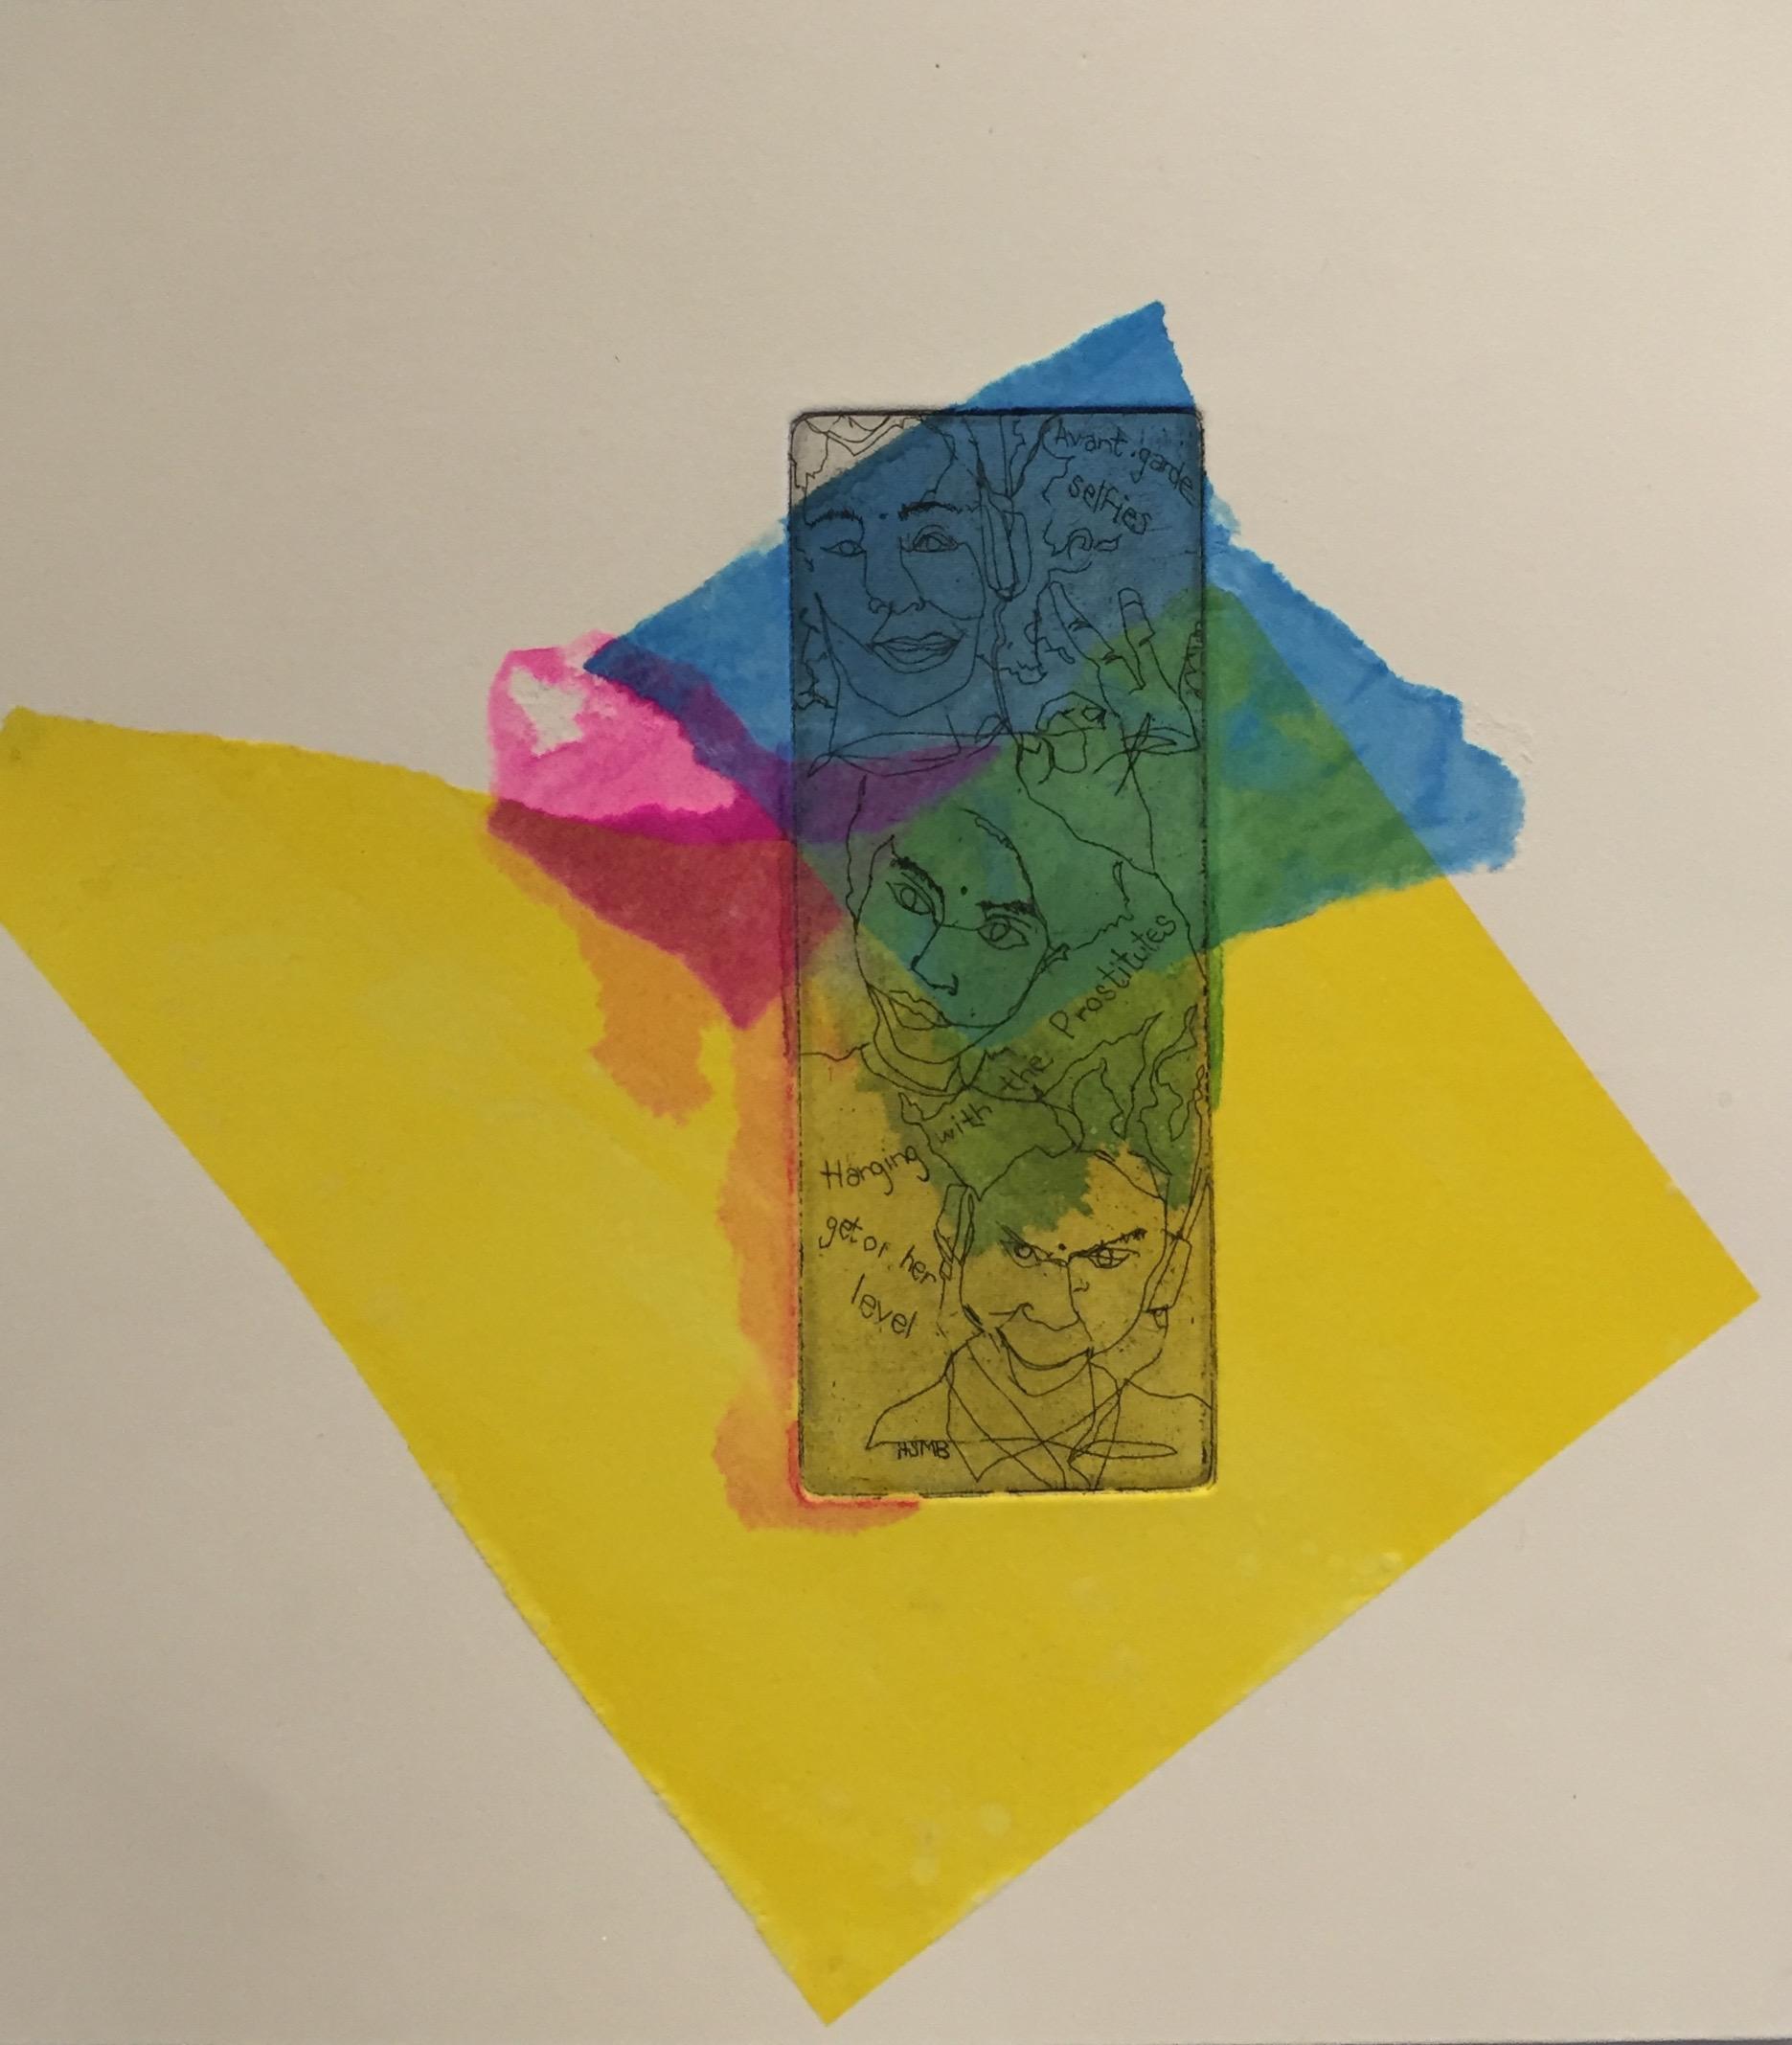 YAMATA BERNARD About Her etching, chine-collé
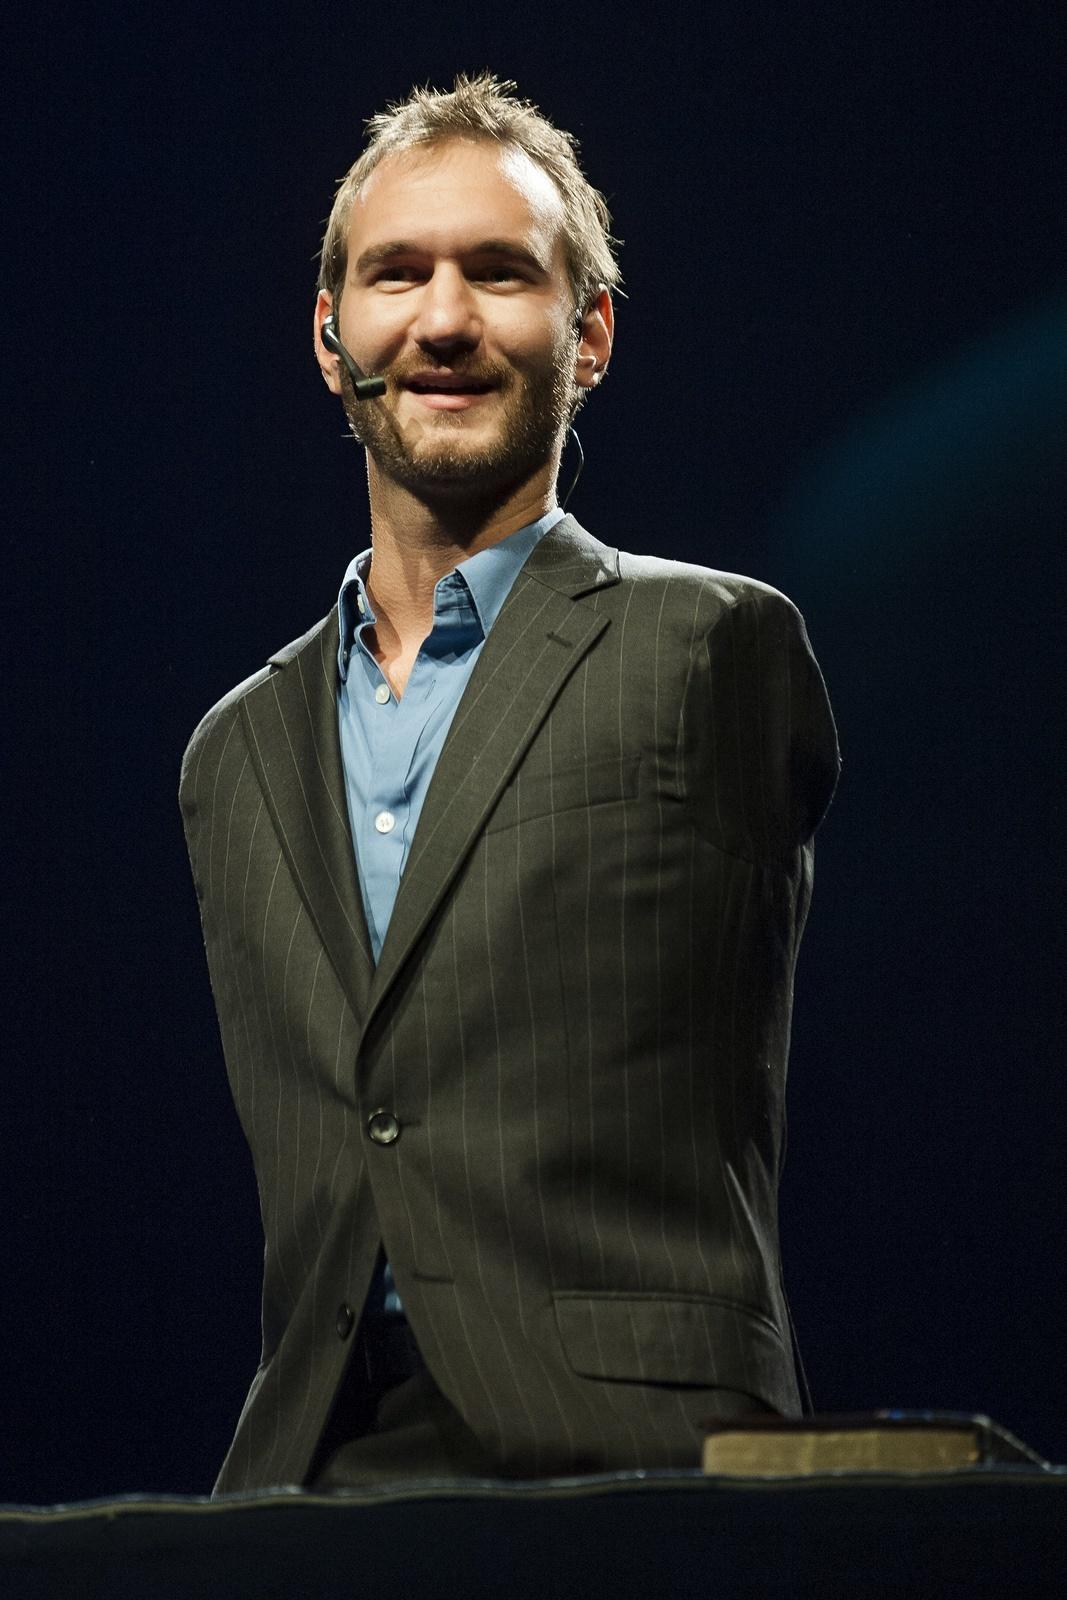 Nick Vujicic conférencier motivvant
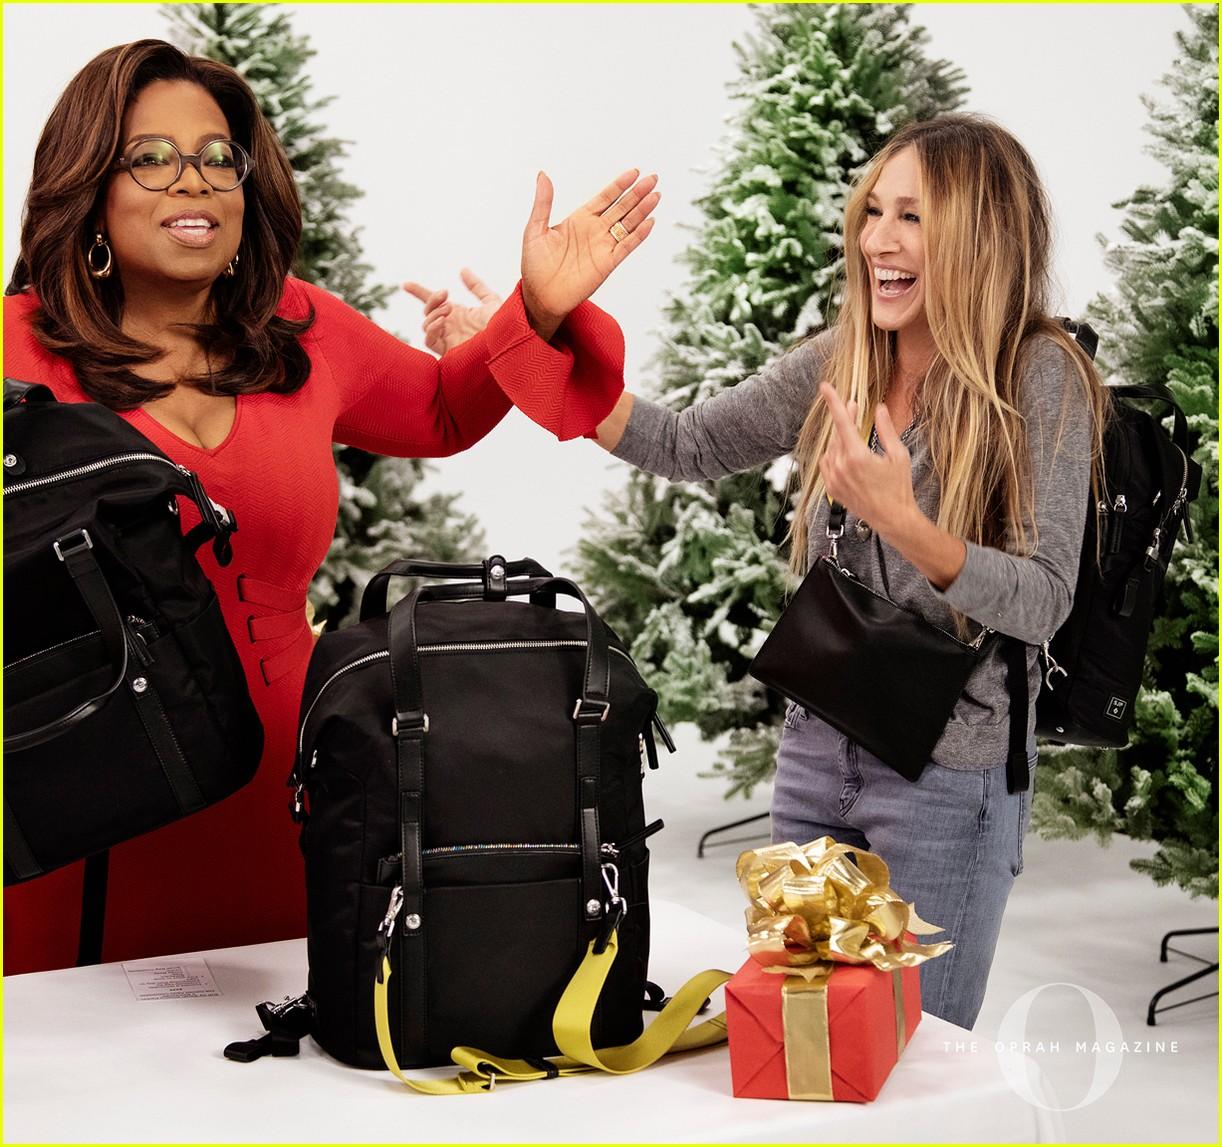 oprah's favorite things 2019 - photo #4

## Exercise details
Only the pictures stay out; everything else in the listing above must be repeated exactly.

## Answer for this exercise
 YAMATA BERNARD About Her etching, chine-collé
 Nick Vujicic conférencier motivvant
 oprah's favorite things 2019 - photo #4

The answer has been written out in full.